In the book it said for a strong acid mixed with strong base, it would be at 7, so I'm wondering what it would be in a buffer with a weak acid and weak base...

 

[akim6890]

I'm not sure I fully understand your question but think about what a buffer does and why the equivalence point might change. A buffer prevents drastic changes in pH by keeping the proton concentration stable. So when you titrate a strong acid like HCl with a strong base like NaOH, the protons in solution from HCl bond with the OH- ions preventing changes in pH until there are no protons from HCl left at pH = 7 otherwise known as the equivalence point where the acid/base portions are equal. Any more NaOH added will cause the pH to go up by directly adding OH ions.

Now think about it with a strong acid and a weak base. Actually, what does it mean to be a weak base? It means in solution, there are fewer OH ions per mole of base added. If there are a bunch of protons in solution from my strong acid and I begin to add my weak base, it will have fewer OH- ions to soak up those protons from that strong acid and so it takes more weak base to neutralize less acid. Equivalence point = when weak base added is equal to strong acid present which will be? Less than 7. Why? Because there are still plenty of protons lying around from the poor job of the weak base creating an acidic solution. Opposite direction with a strong base and a weak acid and also, it doesn't matter which way you do it (adding base to acid or acid to base); it will still have the same result.

Now think about this... if I have 1L of 1M H2SO4 present in solution. How much NaOH must I add to reach pH = 7? Assume H2SO4 and NaOH are strong acid/base respectively.

 

[ilovemedi]

Let me put it to you like this, if you add a weak base to a weak acid, what would the equivalence point be? Would it be at a ph of 7 or does it depend on which is relatively stronger?

edit: to answer your question- 1L of 1 M NaOh because both are strong

 

[brlin]

I just hit this chapter today too. 🙂 From what I understand, the "equivalence point" of a weak acid and a weak base is technically just the buffer zone. True equivalence points occur only when you titrate a weak acid/base with a strong base/acid. Or strong/strong.

 

[brlin]

Edit: oops. Ignore this post. Sorry! But while I'm at it, I'll also point out that the weak acid/bases I were talking about would have to be a conjugate pair. A weak acid / base that are not a conjugate pair would not react at all

 

[akim6890]

I just hit this chapter today too. 🙂 From what I understand, the "equivalence point" of a weak acid and a weak base is technically just the buffer zone. True equivalence points occur only when you titrate a weak acid/base with a strong base/acid. Or strong/strong.

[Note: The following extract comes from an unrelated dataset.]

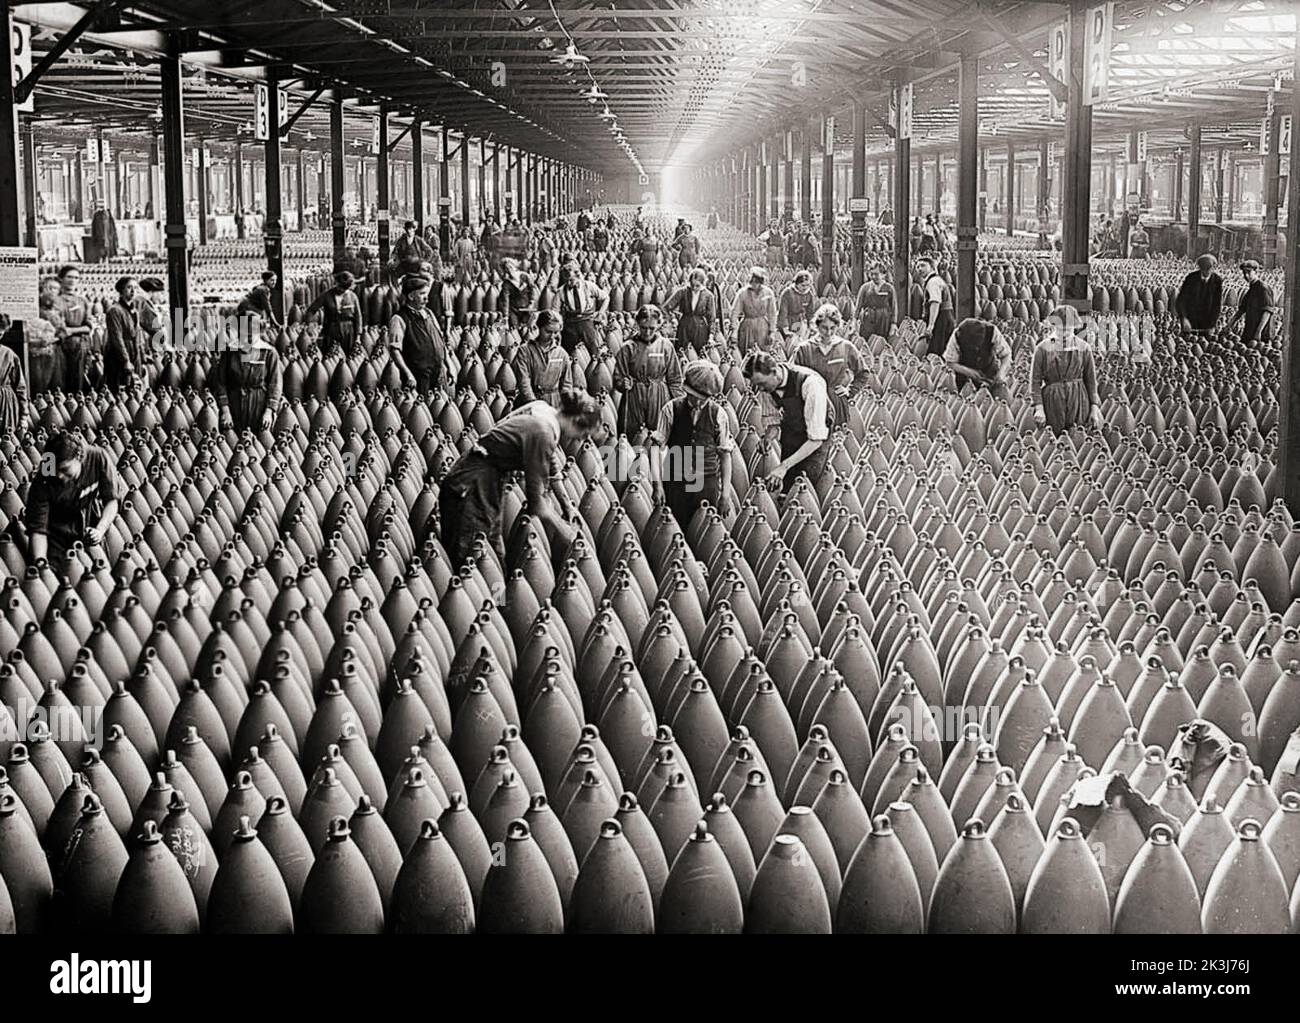 Fábrica Nacional de Llenado en Chilwell en 1917. Durante la Primera Guerra Mundial, un gran número de mujeres fueron reclutadas en empleos desocupados por hombres que habían ido a luchar en la guerra. La alta demanda de armas hizo que las fábricas de municiones se convirtieran en el mayor empleador individual de mujeres durante 1918. En 1917, las fábricas de municiones, que empleaban principalmente a trabajadoras, producían el 80% de las armas y proyectiles utilizados por el ejército británico. Foto de stock
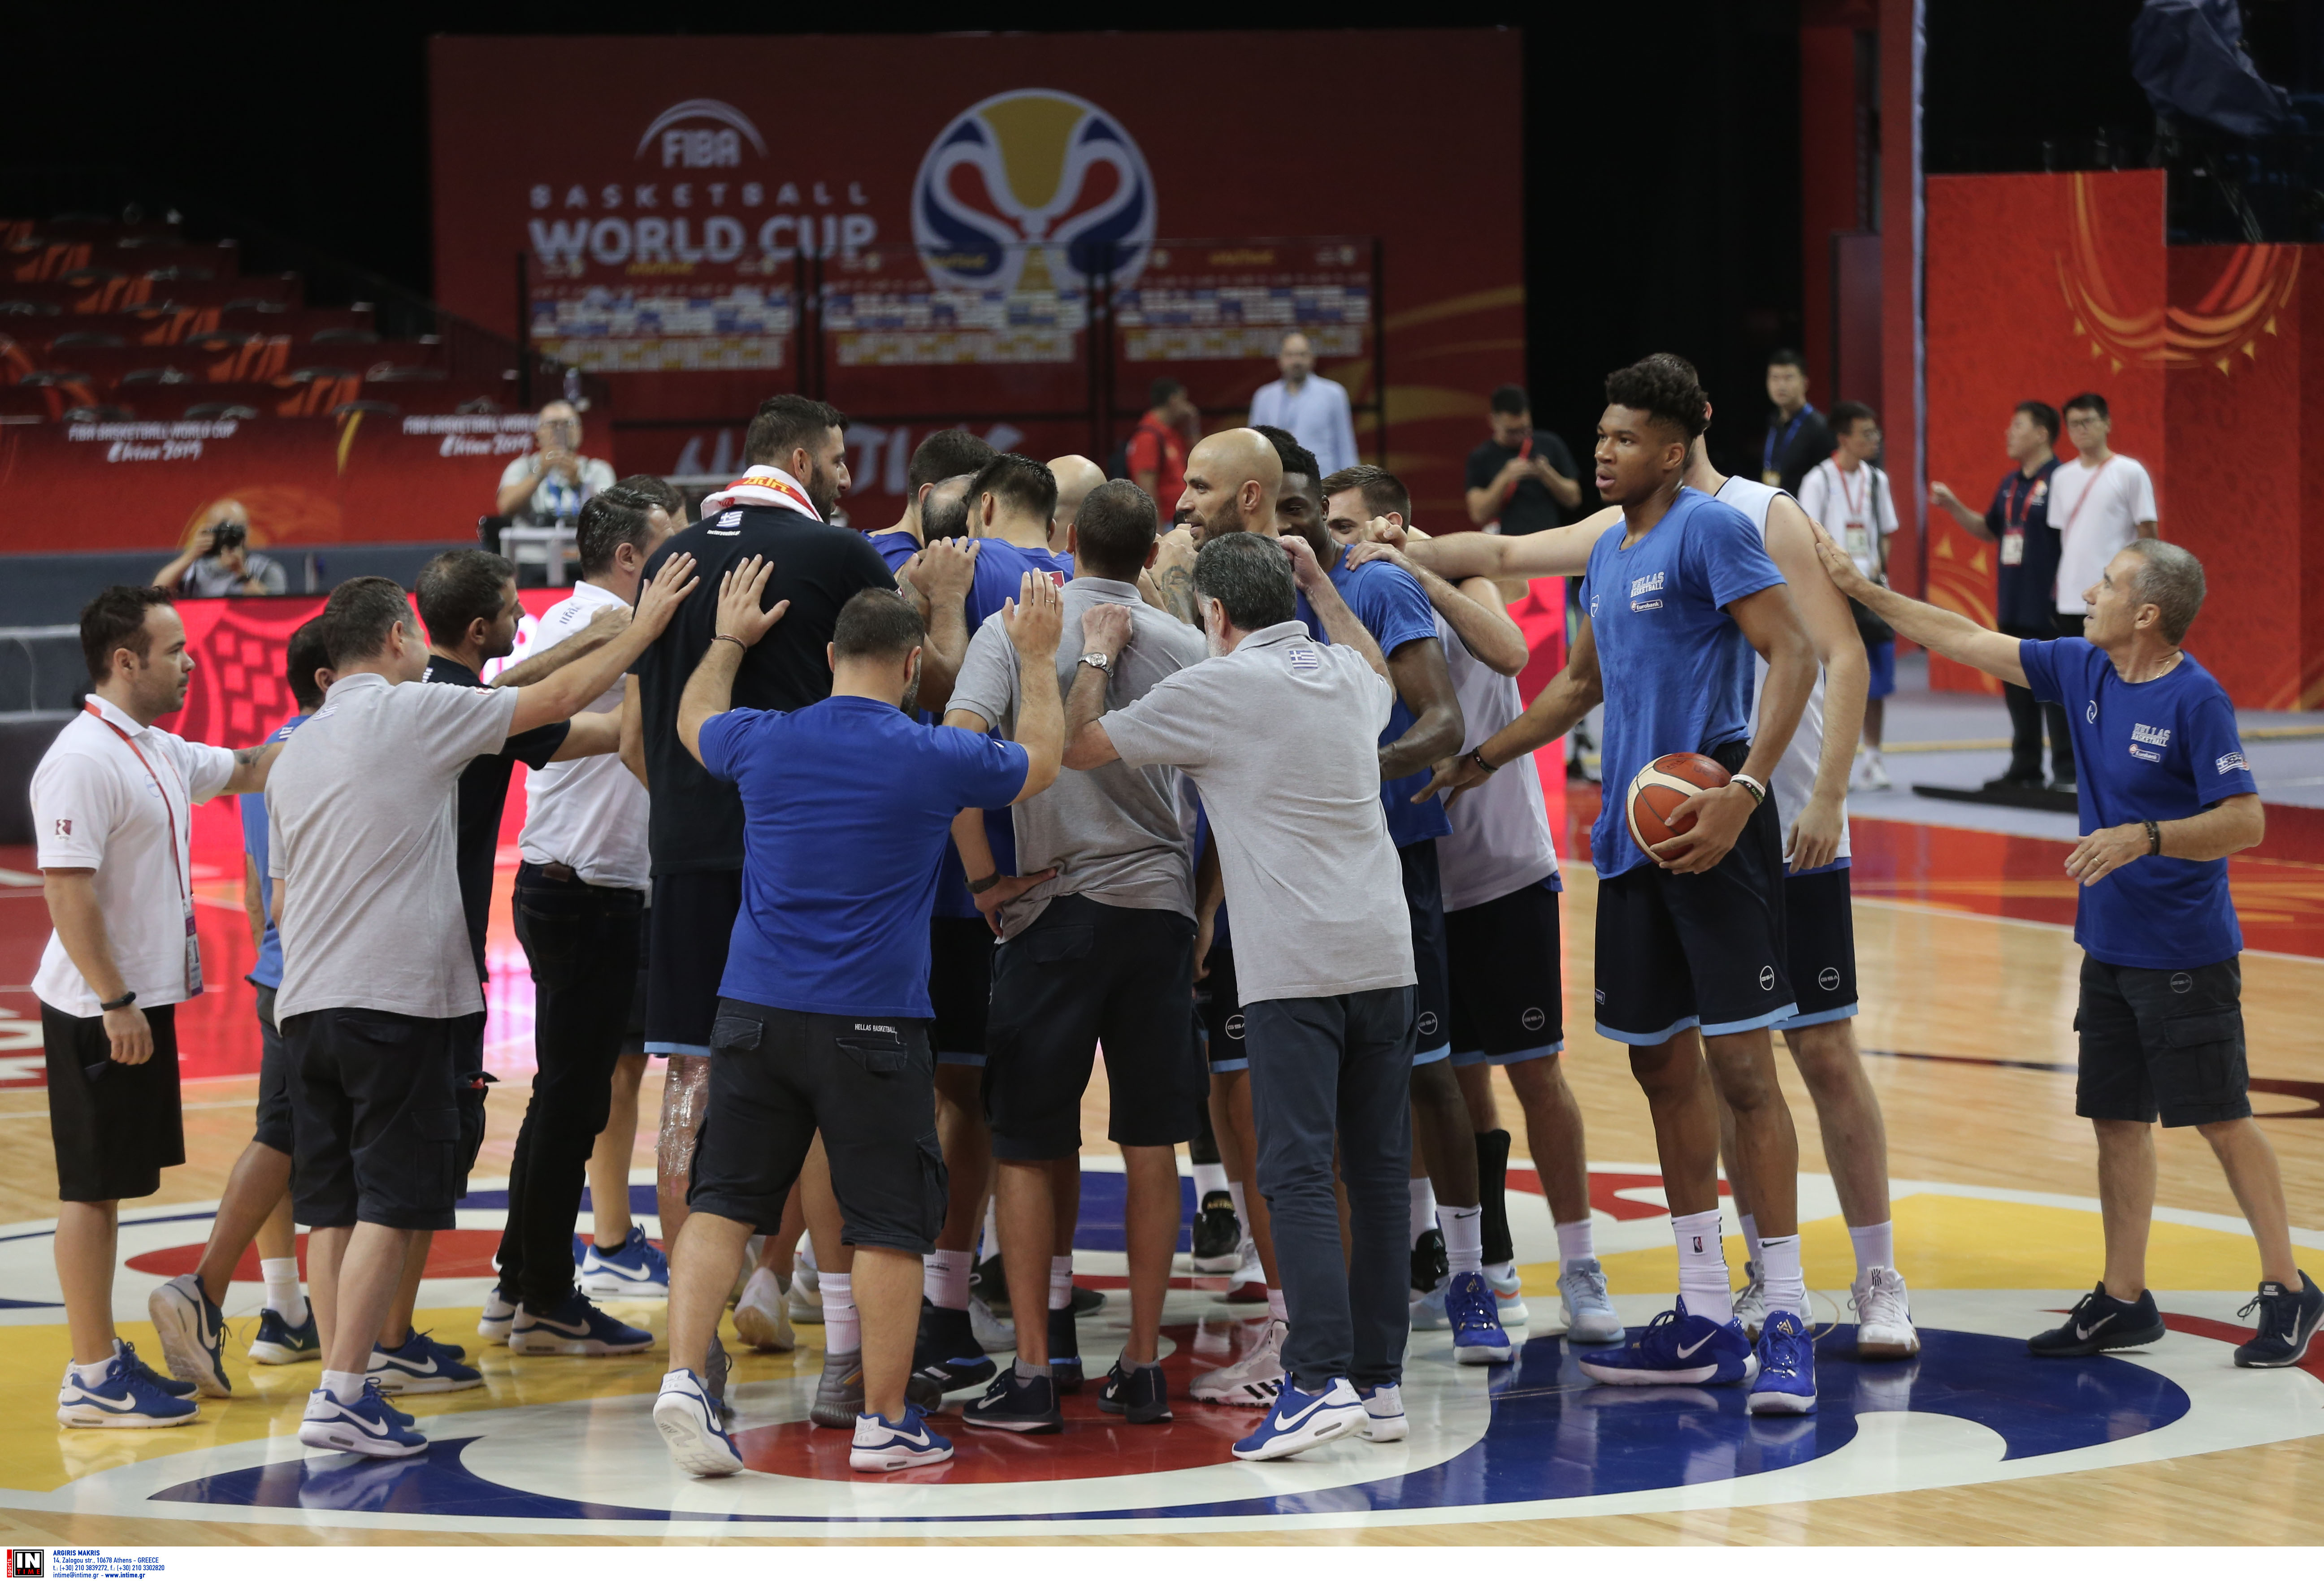 Μουντομπάσκετ 2019: Έτοιμη για “μάχη” η Εθνική Ελλάδας! [pics]

False. The equivalence point is when the acid equivalents equal the base equivalents. It has nothing to do with what combination of strong and weak. And sorry, that was a trick question. You need to keep in mind that H2SO4 if a diprotic acid and therefore has 2 equivalents of protons it can give up meaning it would take twice as much volume of NaOH to reach a pH of 7.

 

[akim6890]

Edit: oops. Ignore this post. Sorry! But while I'm at it, I'll also point out that the weak acid/bases I were talking about would have to be a conjugate pair. A weak acid / base that are not a conjugate pair would not react at all

This is also false. The conjugate pair is the buffer and it reacts with a much different strong acid or base to prevent change in pH. For example, consider the weak acid acetic acid and it's conjugate base sodium acetate. The dissociation in water would be
CH3COOH + H2O <--> H3O+ + CH3COO-

That is your buffer solution and when you add a strong base like NaOH, it takes the proton from H3O+ causing the equilibrium to shift to the right making more H3O+ and keeping the pH neutral. Likewise, if you added a strong acid like HCl, then the dissociated proton would react with acetate ion again keeping it neutral.

 

[ilovemedi]

they would not react as in they would not for a buffer, right? Also i have another question about that chapter: could you or anyone here clarify the equation 'ph range = pka +or - 1' means? I did not understand that paragraph at all. Is it just the ph range at which the buffer will tend to linger at? And does this equation work for all buffers or just buffers that are made from conjugate pairs (since they derived it using the henderson equation, which relies on conjugate pairs?)

 

[ilovemedi]

False. The equivalence point is when the acid equivalents equal the base equivalents. It has nothing to do with what combination of strong and weak. And sorry, that was a trick question. You need to keep in mind that H2SO4 if a diprotic acid and therefore has 2 equivalents of protons it can give up meaning it would take twice as much volume of NaOH to reach a pH of 7.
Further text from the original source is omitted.